Where Pro Still Wins: Know Before You Migrate
Two workload types should give developers pause before migrating entirely. First, long-context retrieval: Flash shows a 7.6-point regression on MRCR v2 at 128k tokens compared to Pro. If your application reads and synthesizes large documents — legal review, compliance checks, contract extraction — that regression is real and worth testing before committing. Gemini 3.1 Pro also supports a 2M token context window versus Flash’s 1M. For most teams 1 million tokens is more than enough, but for those processing multi-document legal corpora or book-length technical specifications, the larger window remains relevant.
Second, abstract reasoning at the frontier level: Pro holds an advantage on ARC-AGI-2. If your application handles novel problem solving, research synthesis, or complex multi-step deduction without tool use, Pro is still the better default. The practical heuristic: the closer your workload is to agentic — looping, tool use, coding — the more Flash wins. The closer it is to long-document Q&A, the more Pro wins.
How to Migrate: The Actual Code Changes
The migration is straightforward. The model name changes, one parameter changes, and two parameters should be removed. Per the official Gemini API migration guide, here are the changes:
Update your model ID:
# Before
model='gemini-3.1-pro' # or 'gemini-3-flash-preview'
# After
model='gemini-3.5-flash'
Update the thinking parameter. Google changed this from an integer to a string enum:
# Before
config={'thinking': {'thinking_budget': 8000}}
# After
config={'thinking': {'thinking_level': 'medium'}}
# Options: 'minimal', 'low', 'medium', 'high'
# Default is 'medium' — changed from 'high' in the preview
Remove temperature, top_p, and top_k from your configuration. Google no longer recommends setting these for 3.5 models; manual overrides can degrade performance on the new architecture. If you use function calling, add id and name fields to all FunctionResponse parts — they must match the preceding function calls, and missing them causes errors in production.
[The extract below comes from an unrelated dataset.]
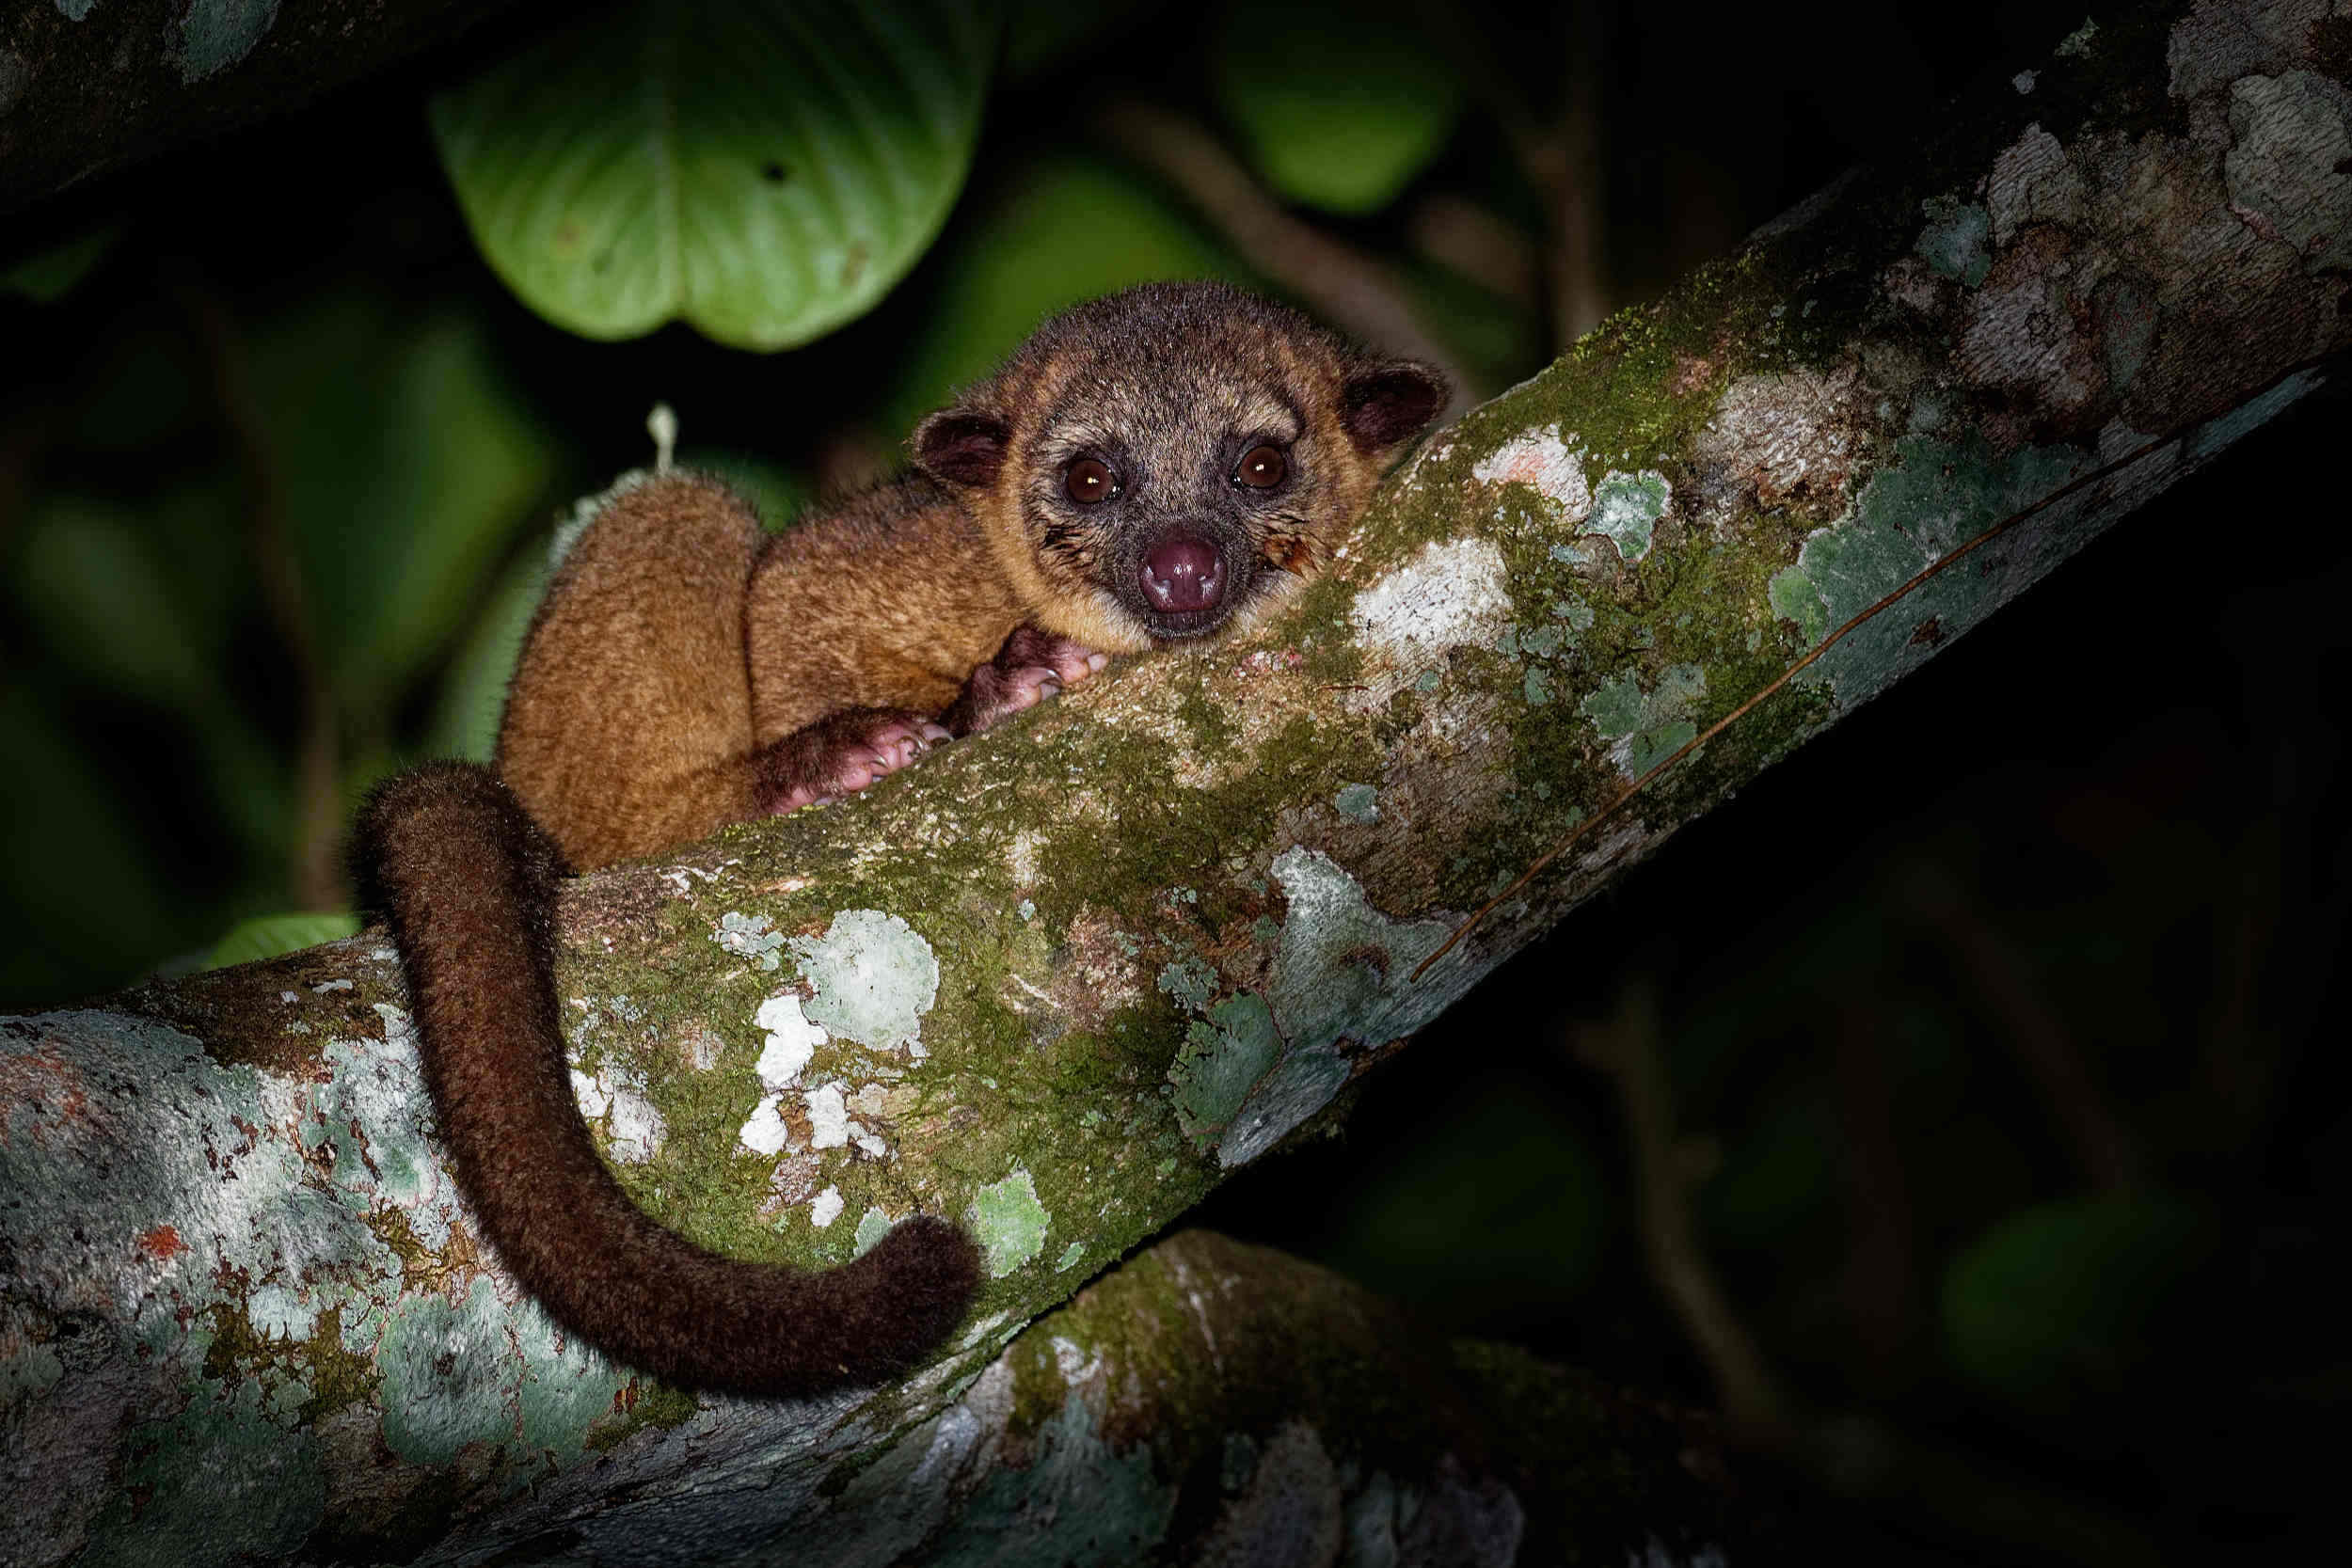 Kincajou Potos flavus photographié de nuit sur une branche de la jungle équatoriale forêt tropicale humide du Costa Rica
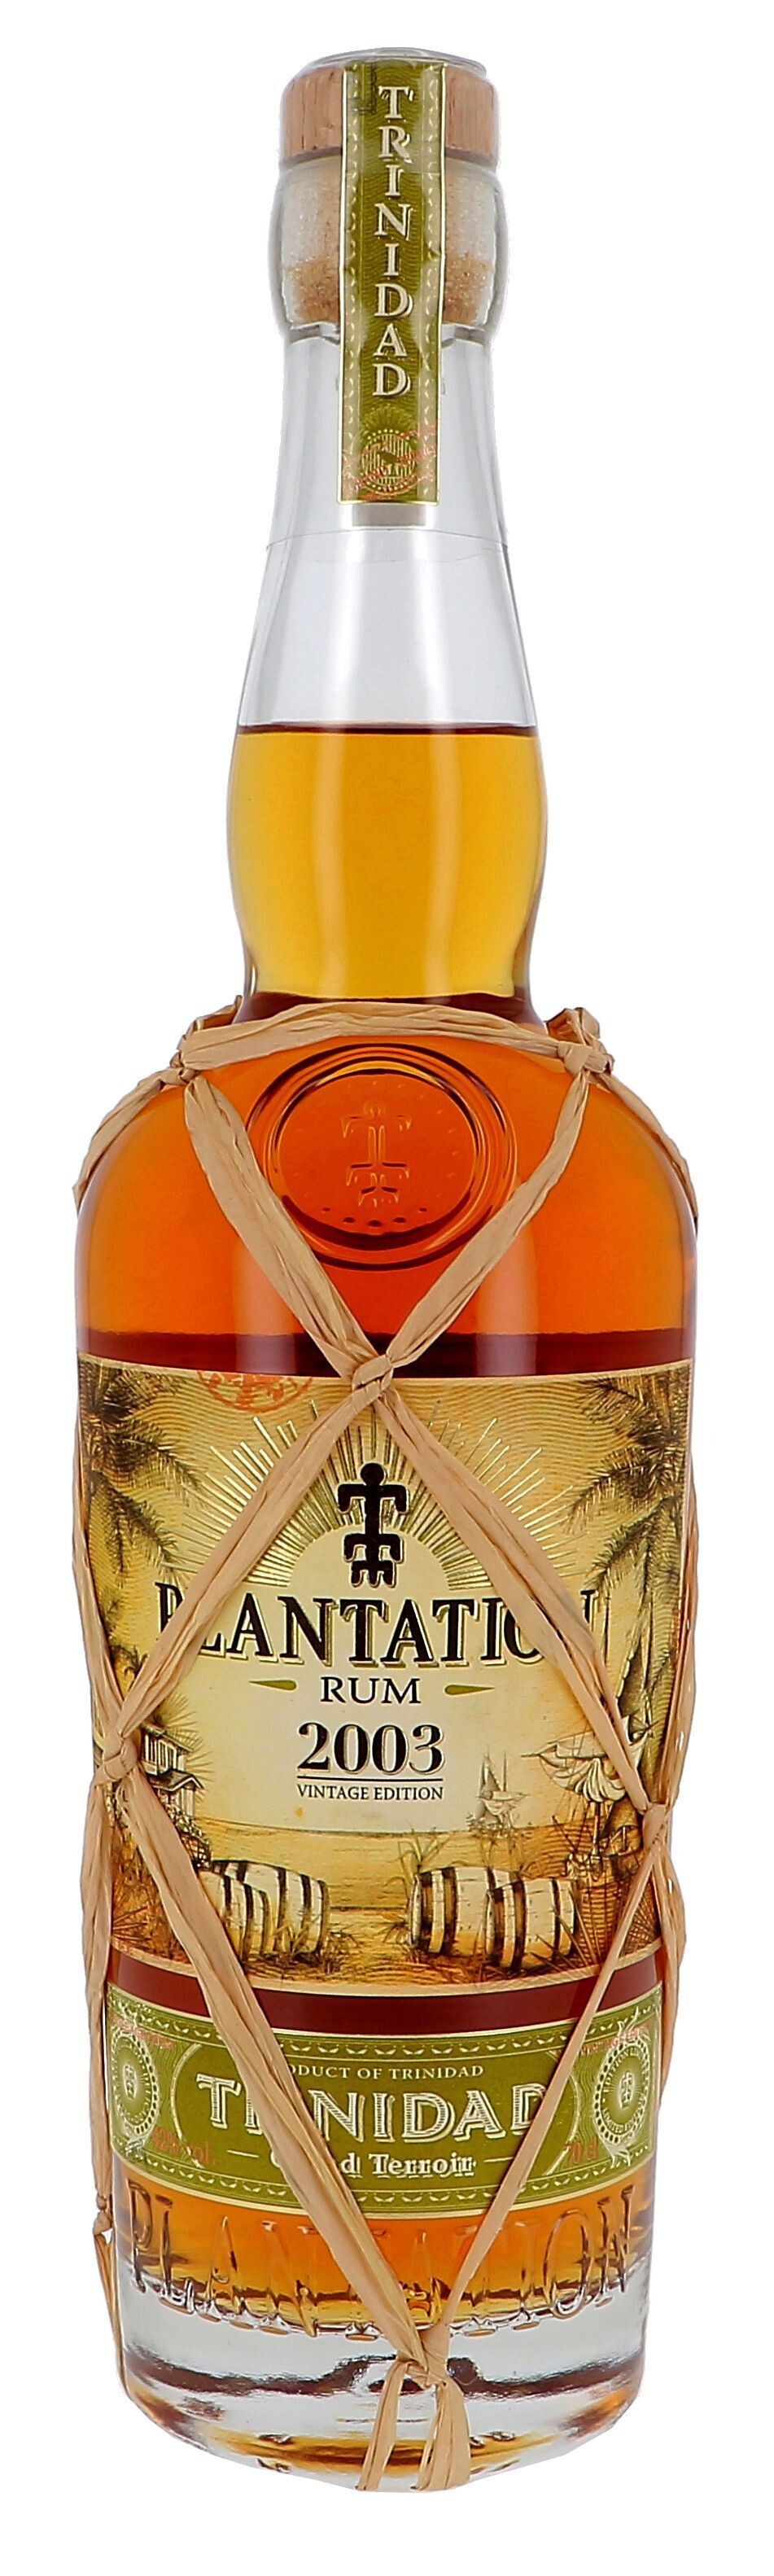 Rum Plantation Trinidad 2003 70cl 42% Vintage Limited Edition Rare

After migrating, test your specific workloads at the medium thinking level. The default dropped from high to medium, which means faster and cheaper responses but potentially lower quality on tasks requiring deep reasoning. If you notice regressions, switch to thinking_level: 'high' for those specific calls.
What About Gemini 3.5 Pro?
Google confirmed at I/O that Gemini 3.5 Pro is “being used internally” and will roll out in June 2026. Developers on 3.1 Pro for quality reasons face a clear decision: migrate to Flash now and get better agentic performance immediately, or wait six weeks for 3.5 Pro, which will likely reclaim the lead on reasoning benchmarks. The answer depends on your workload. If you are primarily building agentic systems — coding agents, tool-use pipelines, multi-step workflows — there is no reason to wait. Flash already leads that category.
The conventional wisdom about Flash being the speed-optimized, quality-compromised option has been wrong since May 19. Update your model config accordingly.